L’«emigrazione» dei rifiuti non ha frontiere, i danni economici e ambientali | Marinella Correggia

La crisi va all’estero. Roma esporterà migliaia di tonnellate di spazzatura surplus, tutto su mezzi super inquinanti

In futuro, se l’umanità sarà riuscita a sopravvivere alla propria pesantezza ambientale e sociale, si studierà con stupefatto disgusto il trasporto su lunghe distanze dell’immondizia, con notevole dispendio energetico e relative emissioni di gas serra, proprio mentre tutti insistono sul caos climatico. Di fronte all’ordinaria «emergenza rifiuti» a Roma, un accordo fra le istituzioni a tutti i livelli ha stabilito che la soluzione di medio termine è negoziare con paesi stranieri dell’Ue per poter conferire i rifiuti in surplus. La crisi va all’estero, come si faceva con la Cina per i rifiuti plastici che ora il paese asiatico non accetta più. Delle 4.600 tonnellate al giorno di rifiuti prodotti dalla capitale, 2.600 sono indifferenziate (del resto la stessa raccolta differenziata non è la panacea) e ogni anno il Campidoglio esporta in altre province, regioni o nazioni centinaia di migliaia di tonnellate di spazzatura in cerca di un qualsivoglia trattamento. E ha un bel costo anche in termini di effetto serra questa spedizione dei rifiuti che da una parte i cittadini producono con disinvoltura – quasi 600 kg annui pro capite a Roma, alla faccia della prima R delle norme europee in termini di rifiuti, cioè la «riduzione» – e dall’altra un’amministrazione capitolina sedicente del cambiamento e della sostenibilità si è rivelata in tre anni totalmente incapace di gestire.

Oltre al pesante inquinamento acustico e atmosferico e allo spreco di denaro pubblico legati al trasporto su gomma dei rifiuti, colpisce l’indifferenza per l’impronta climatica dei tir che a centinaia ogni giorno pensano ad allontanare da Roma i prodotti di scarto di un sistema ben lontano dal punto 12 (modelli di produzione e consumo sostenibili) degli Obiettivi di sviluppo del millennio, l’Agenda 2030 per lo sviluppo sostenibile fissata dall’Onu.
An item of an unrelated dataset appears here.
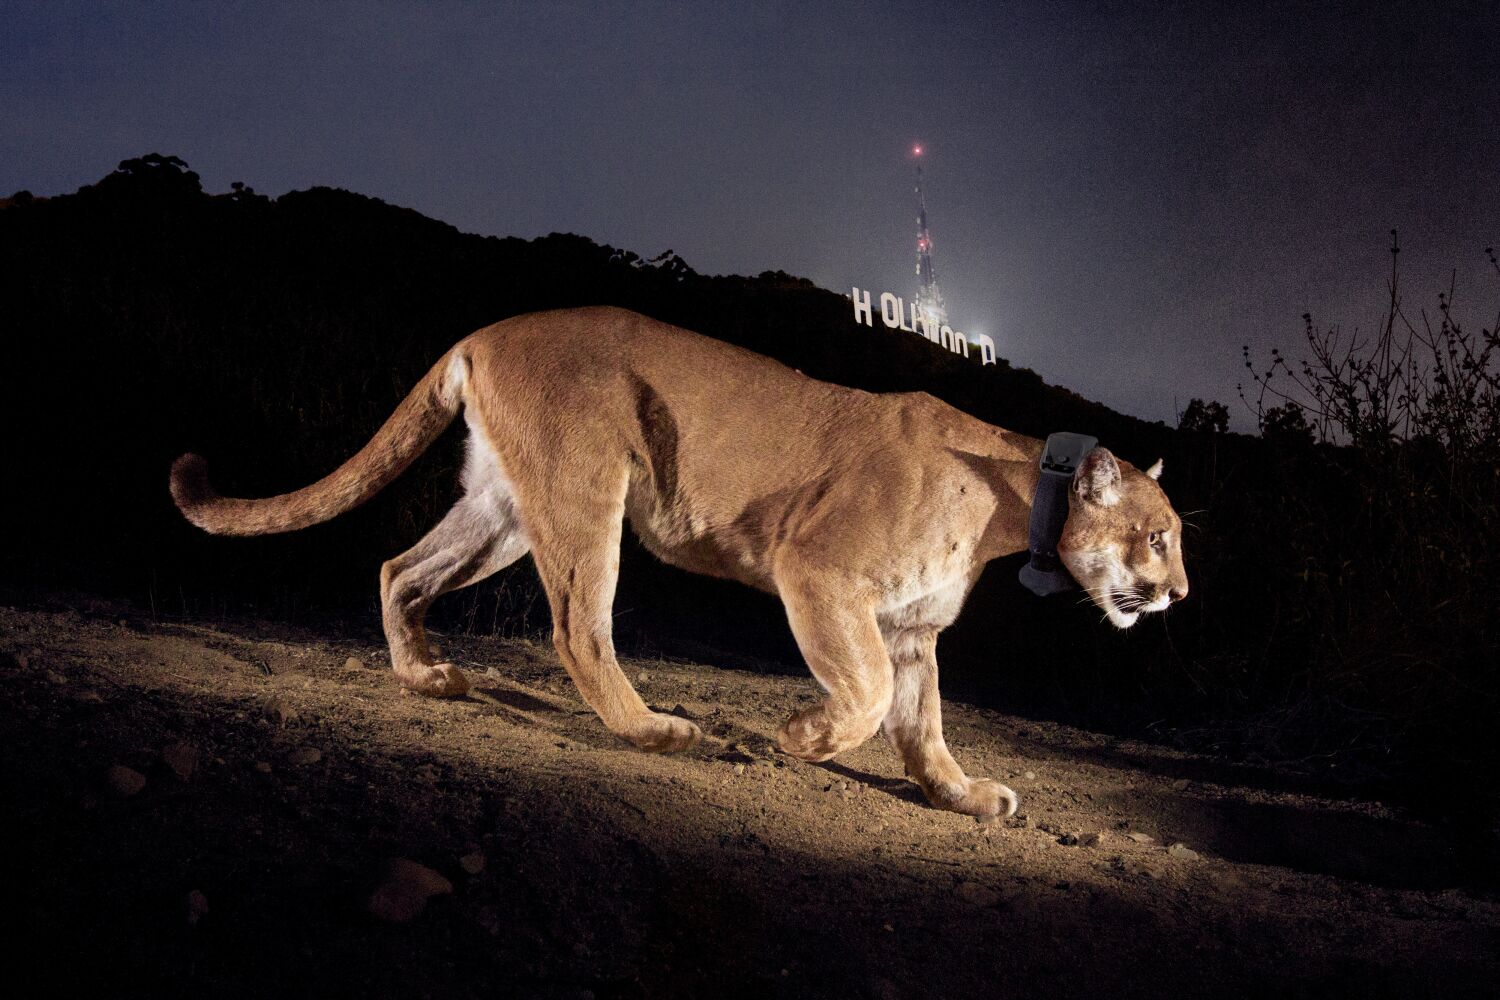 Stunning photos of L.A.'s celebrity mountain lion P-22

Un tir di 40 tonnellate (peso lordo) consuma per 100 chilometri intorno ai 30-35 litri di gasolio. E le emissioni, per litro di gasolio? Scegliamo i dati forniti dal sito di Quattroruote, non propriamente un organo ecologista interessato a calcare la mano sulle responsabilità. Secondo il sito, un litro di gasolio comporta l’emissione di 2,65 chilogrammi di anidride carbonica; in tutto fanno, per 100 chilometri, intorno ai 90 chilogrammi per ognuno di questi bestioni della strada. Per percorrere 1.000 chilometri, le emissioni del nostro tir di immondizia saranno pari a quasi mille chilogrammi. Moltiplichiamoli per decine di migliaia di camion ogni anno. E se, putacaso, l’immondizia deve arrivare – arrossendo – fino in Svezia, i chilometri sono oltre 2.550. Peraltro, un lungo studio Cng and Lng for vehicles and ships – the facts, realizzato nel 2018 dall’organizzazione Transport & Environment, stronca l’idea che la transizione per un trasporto più pulito possa passare dai veicoli alimentati a metano. Tir compresi.
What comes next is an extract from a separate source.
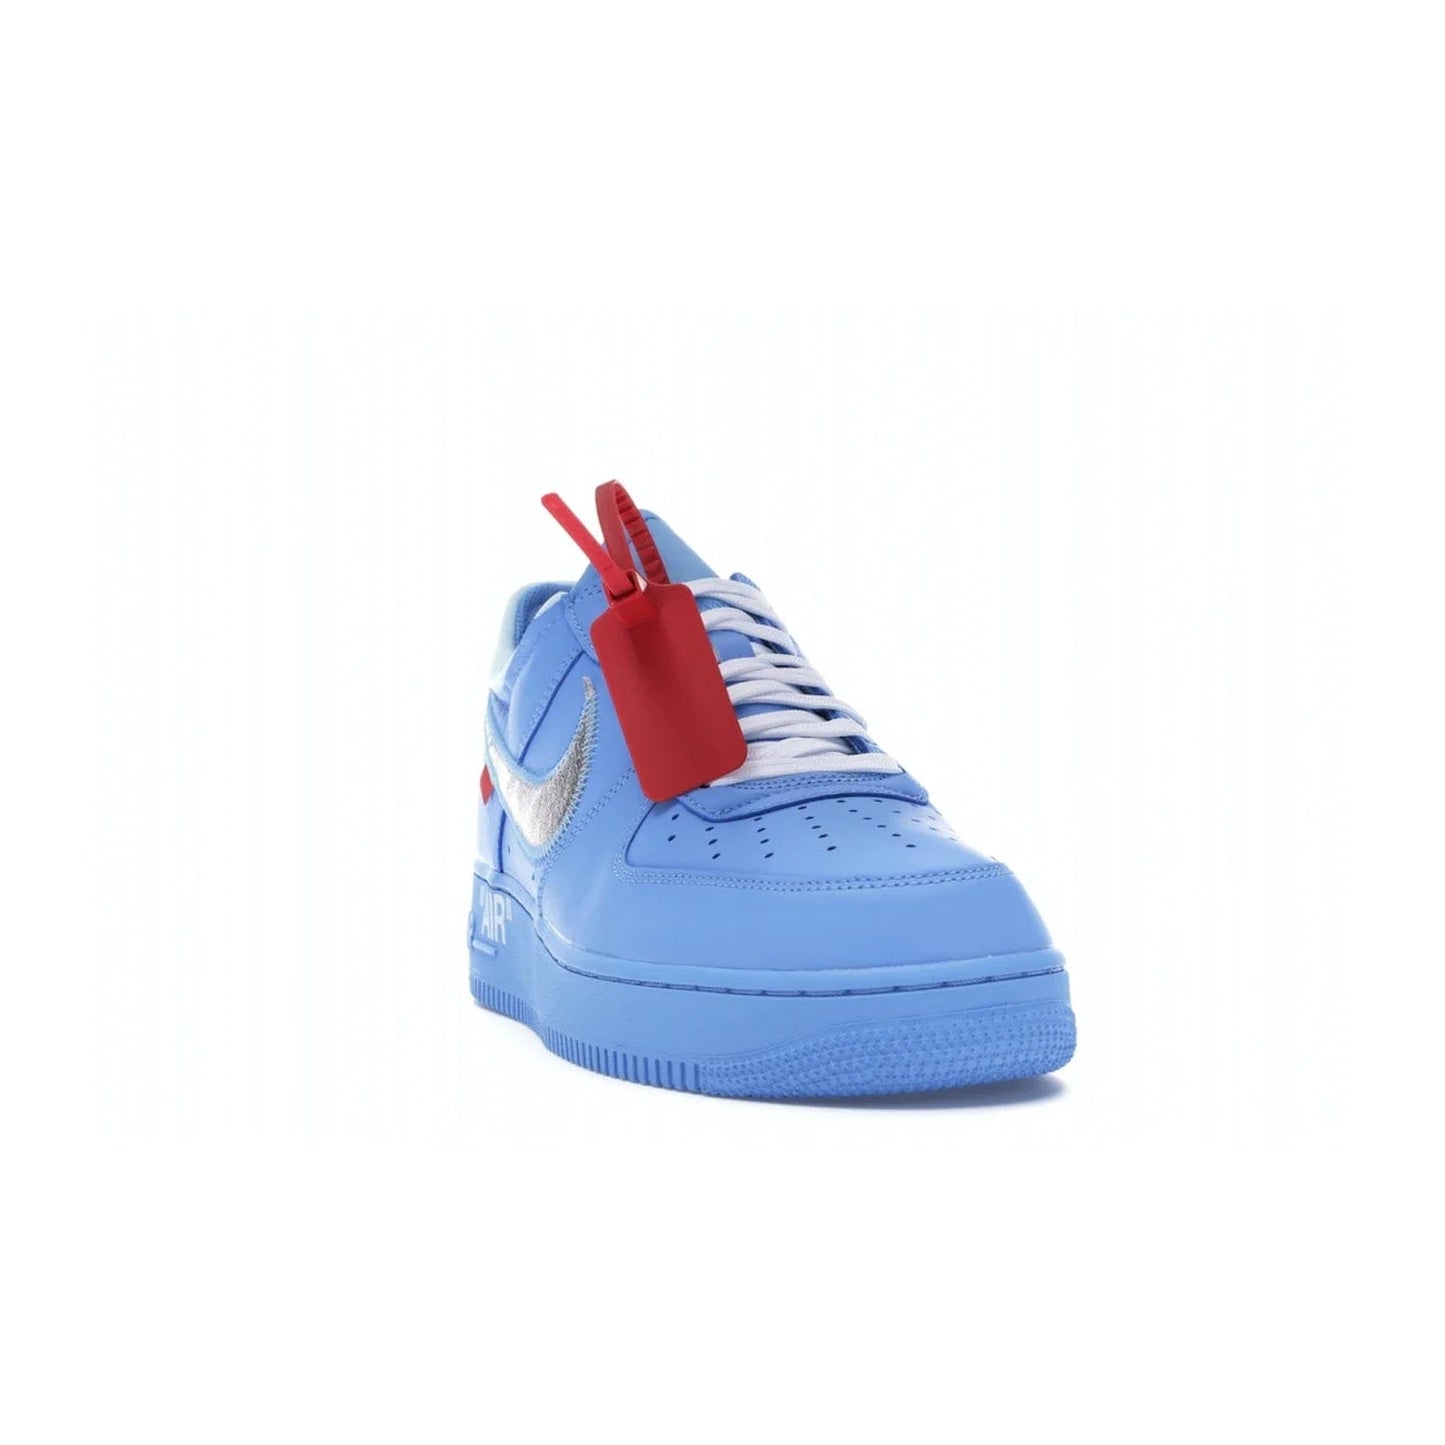 Nike Air Force 1 Low Off-White MCA University Blue - Image 8 - Only at www.BallersClubKickz.com - Virgil Abloh's Air Force 1 Low Off-White MCA University Blue: Features University Blue leather and midsole, reflective silver Nike Swoosh, red zip tie, white laces, and iconic Off-White™ branding. A must-have for any Virgil Abloh enthusiast.

Ma non basta. Se in sé l’insufficienza di raccolta differenziata e relativa lavorazione a corto raggio è già un gran limite (si pensi soprattutto al mancato compostaggio degli scarti organici), il difetto peggiore sta nel manico. La pletora di imballaggi contenenti alimenti e bevande spesso poco salutari o inutili, frutto di lunghi processi di trasformazione (energivori) e di interminabili spole (in tir), così come i prodotti monouso per vocazione o per mode indotte, insomma l’eccesso in tutte le sue noncuranti forme, richiederebbero uno sciopero cittadino: minimizzare i rifiuti di qualunque tipo.